Results show that the CS particle size affects the efficiency of liquefaction. Overall liquefaction yield increases with the decrease in particle size at least until 40–60 mesh fraction from about 34% for the bigger particles to around 91% for the 40–60 mesh fraction. Despite the fraction sizes <80, 60–80, and 40–60 showing similar liquefaction yields, between 80 and 91%, the fraction 40–60 has the highest yield. Similar results were presented before for cork liquefaction although only three different sizes were used (Esteves et al. 2017). The lower amount of liquefaction for lower particle sizes might be because of the different chemical composition of these particle sizes as shown before for other heterogeneous materials such as Q. cerris bark (Sen et al. 2020).

Figure 2 shows the liquefaction yield variation with reaction temperature that was performed between 130 and 190°C. In these tests, the particle size of shells used was 40–60 mesh, a time of 30 min, and the CS/solvent ratio of 1:10.

Figure 2 Liquefaction yield (%) with temperature (°C) for CS.
Figure 2

Liquefaction yield (%) with temperature (°C) for CS.

As expected, liquefaction yield increased with the increase in reaction temperature reaching a maximum value of 91% for 190°C. A fairly good liquefaction yield was obtained at 170°C (86%), whereas poor yields (under 70%) were obtained at lower temperatures.
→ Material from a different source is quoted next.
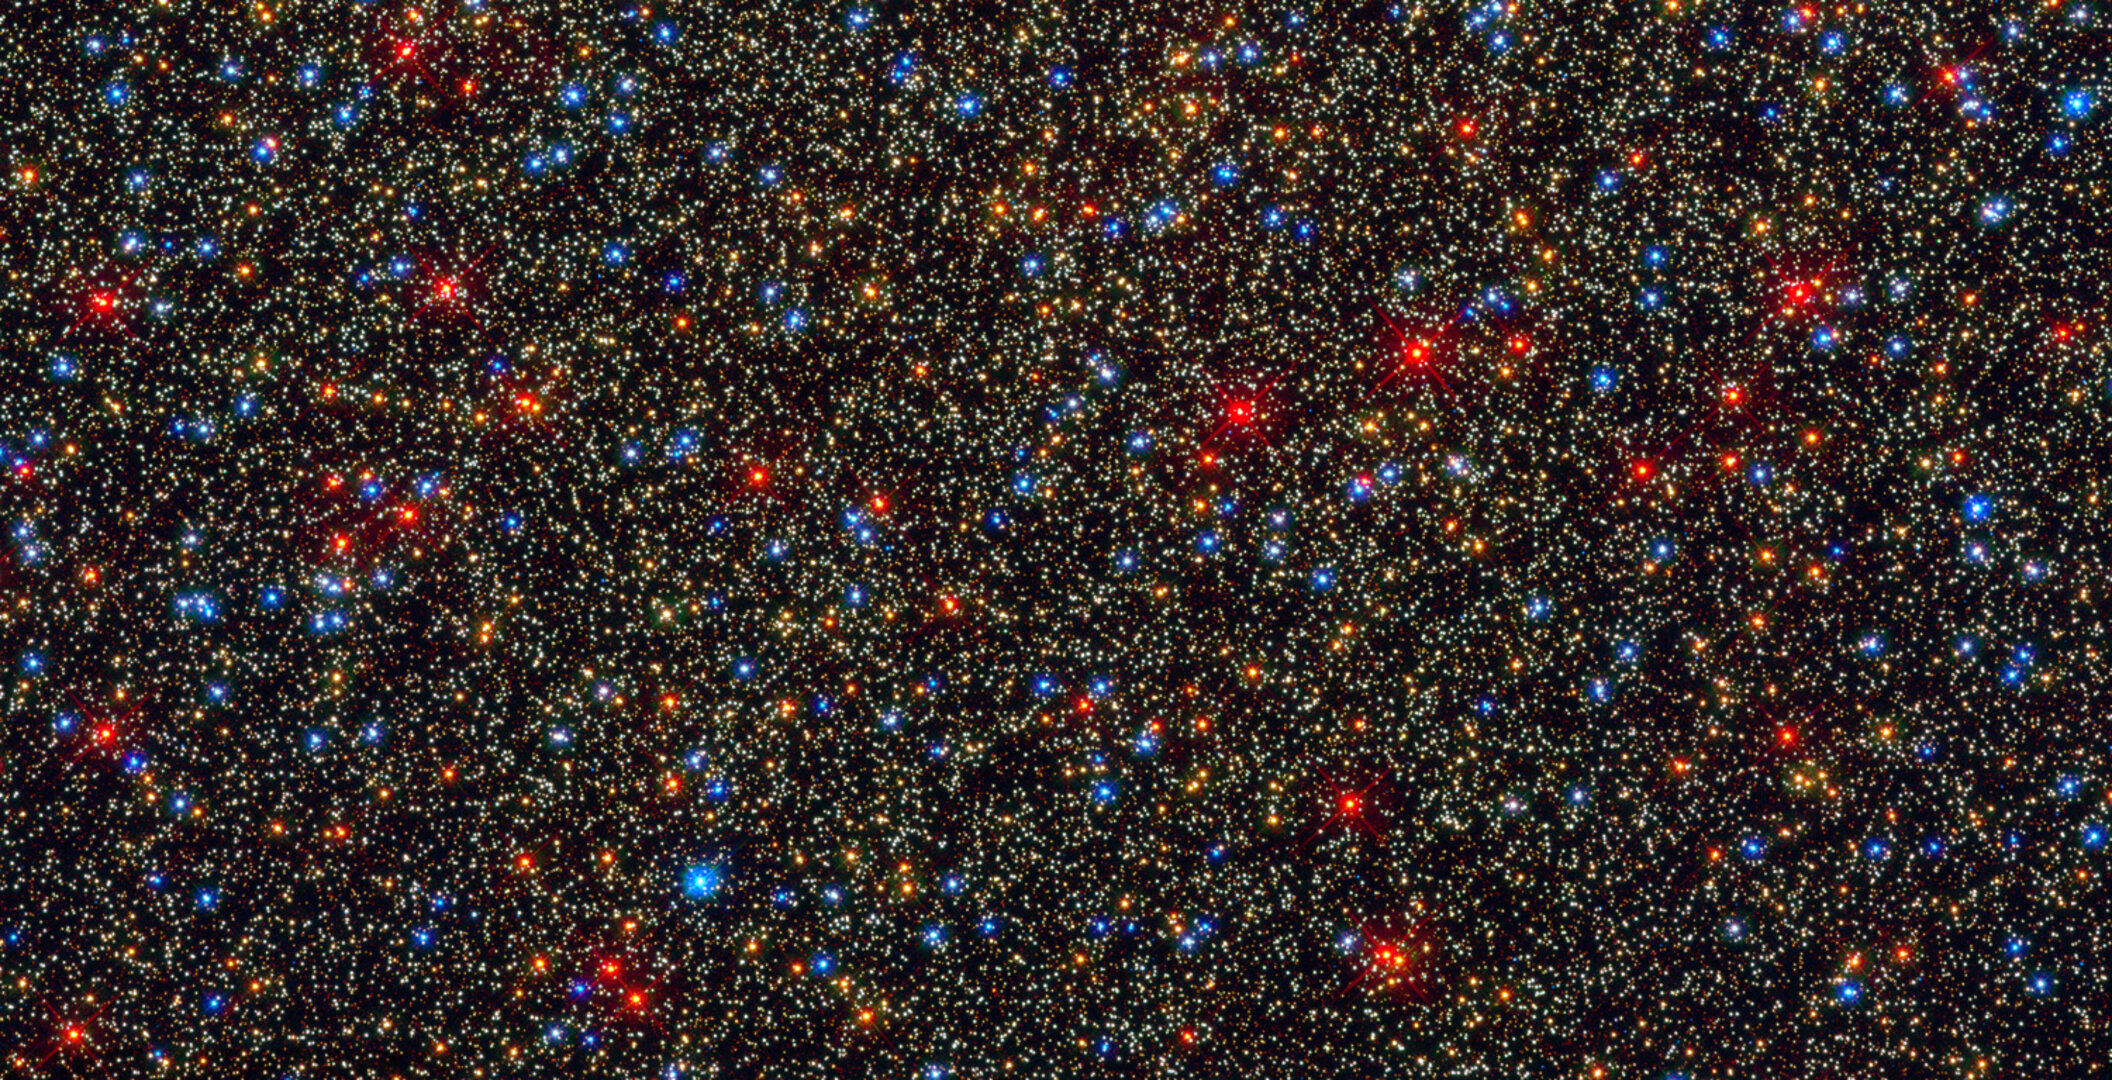 Hubble resolves myriad stars in dense star cluster

Similar reports were obtained before for the liquefaction of several lignocellulosic materials. For instance, for liquefied Douglas fir bark there was an increase in yield with the increase in temperature but smaller than the one found here (Esteves et al. 2018). Studies on liquefied cork showed that there was a big increase from 150 to 160°C staying approximately constant afterwards (Esteves et al. 2017). Different results were reported earlier by Soares et al. (2014) by testing cork powder via acid liquefaction using a mixture of PEG 400 and glycerol. These authors reported that liquefaction yield increased from 150 to 160°C but decreased when the temperature reached 170°C which was attributed to condensation reactions between liquefied intermediates. Nevertheless, they reported that it was possible because of the higher percentage of PEG 400 (90%) in relation to glycerol (10%) because Kurimoto and Tamura (1999) stated that a higher amount of low molecular weight glycols such as glycerol would prevent these re-condensation reactions. Therefore, once the liquefaction of CSs was conducted only with glycerol, these re-condensation reactions might have been inhibited.

The liquefaction time was studied between 15 and 120 min, keeping constant the granulometry (40–60 mesh), the temperature (190°C), and the CS/solvent ratio of 1:10. The achieved results are shown in Figure 3.

Figure 3 Liquefaction yield (%) with time (minutes) for CS.
Figure 3

Liquefaction yield (%) with time (minutes) for CS.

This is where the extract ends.